Is the LG 390 worth the extra $100 Best buy has it for $279 and 370 for $179. I notice that the 390 supports VUDU but 370 does not any particular reason why? Has anyone used Netflix, Youtube or VUDU streaming 1080P?

I have Apple TV any benifits to using netflix or vudu? I believe VUDU support 1080p HD movies has anyone measure the difference in quality between Apple TV HD rentals and a Neflix and or VUDU?


----------



## lsiberian (Mar 24, 2009)

I considered the LG 390 when I purchase a blu-ray player recently. However I came to the conclusion that I could get a hard drive streaming box and a Panasonic BDP-60 cheaper. So I went with a panasonic. 

The LG does have built in wireless though. Netflix is what I use for my movie watching, but I do the disc thing not the streaming.


----------



## Lordoftherings (Feb 8, 2009)

Between these two, the 390 is the better one, more features, Wi-Fi, more advanced, better looking, better performing, tons of streaming stuff, simply overall better player.

As if the $100 difference is worth it, I'd say yes, but only you can make that final decision; after all, it's your money, right? 

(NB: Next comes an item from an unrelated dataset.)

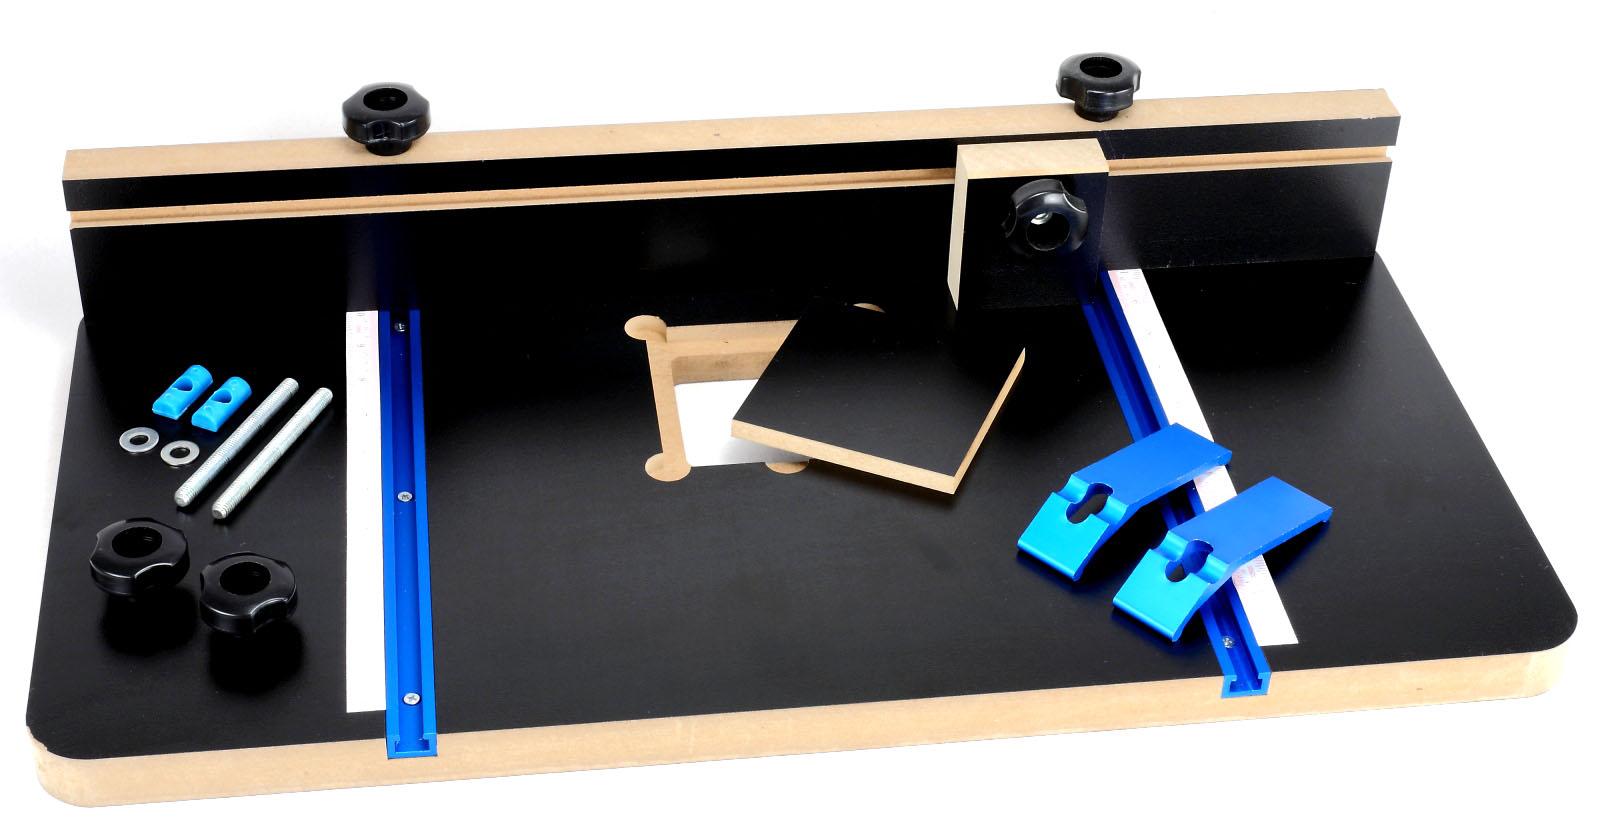 bohrtisch f r st nderbohrmaschine bohrst nder tischbohrmaschine bohrmaschine ebay. Black Bedroom Furniture Sets. Home Design Ideas

* Here's a review of it: http://www.hometheatermag.com/discplayers/lg_bd390_blu-ray_player/

* And another one: http://www.soundandvisionmag.com/bluray/3252/wireless-blu-ray-player-face-off-lg-bd390-page2.html

I think you might find a better deal for it, by searching more around and because Christmas is now getting closer. 

Good luck,
Bob


----------



## jakeworld (Dec 7, 2009)

I own the LG BD390 and think it is terrific. Much faster load times and far better feature set than the much pricier Pioneer unit I had been using. 

I also have viewed content on both Vudu and Netflix. The viewing quality on Vudu is extraordinary and far superior to Netflix. Vudu content does not require streaming and offers two high def formats -- HD and something called HDX. Netflix content has a fair amount of picture jitter, depending on the film. It's blu-ray rated content may be 720p, at most. Of course, Netflix is a great deal and charges only a flat monthly fee. Vudu imposes a per film charge. So, you do have to pay for the extra viewing quality.

The few YouTube clips I have viewed are not high quality, even those supposed to be high def.


----------